====== Recorded data ======

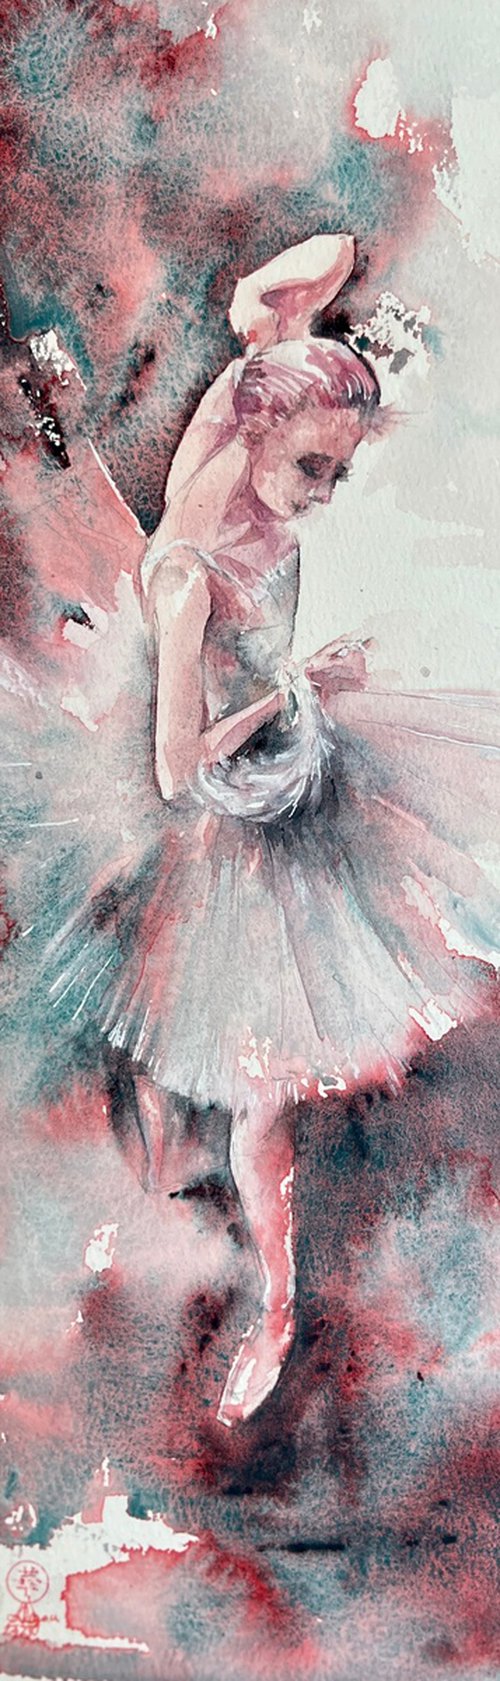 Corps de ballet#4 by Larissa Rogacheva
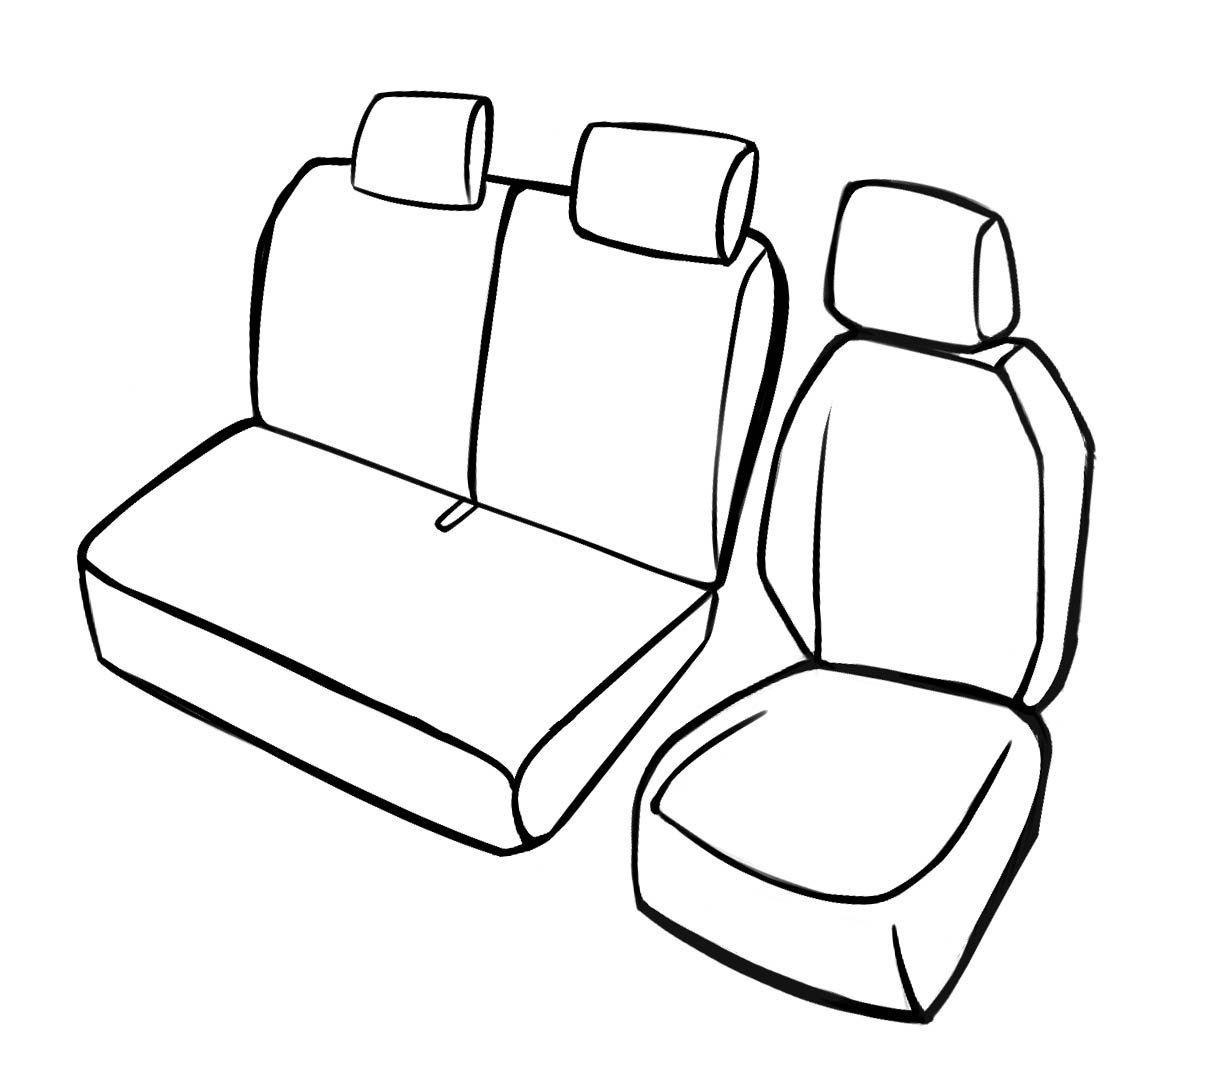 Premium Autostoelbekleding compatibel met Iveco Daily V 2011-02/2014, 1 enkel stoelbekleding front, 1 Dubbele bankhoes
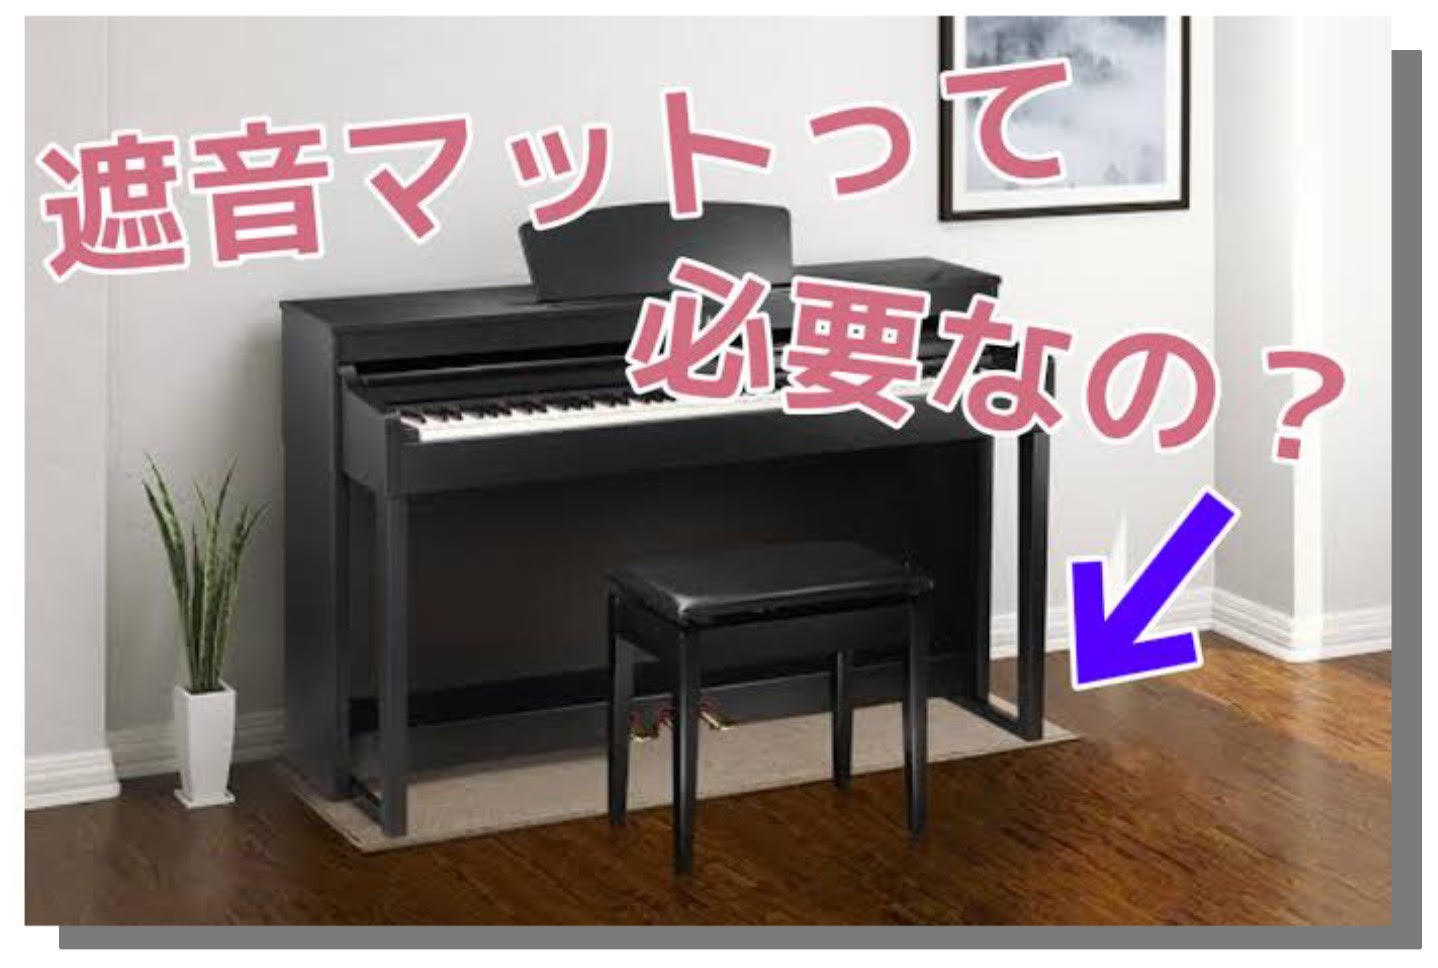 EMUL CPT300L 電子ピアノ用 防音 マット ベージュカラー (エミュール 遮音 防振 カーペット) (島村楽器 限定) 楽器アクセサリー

======

| What the task asks |
All of the material above is to be retyped exactly, with no pictures included.

| Reply to the exercise |
 Corps de ballet#4 by Larissa Rogacheva
 Premium Autostoelbekleding compatibel met Iveco Daily V 2011-02/2014, 1 enkel stoelbekleding front, 1 Dubbele bankhoes
 EMUL CPT300L 電子ピアノ用 防音 マット ベージュカラー (エミュール 遮音 防振 カーペット) (島村楽器 限定) 楽器アクセサリー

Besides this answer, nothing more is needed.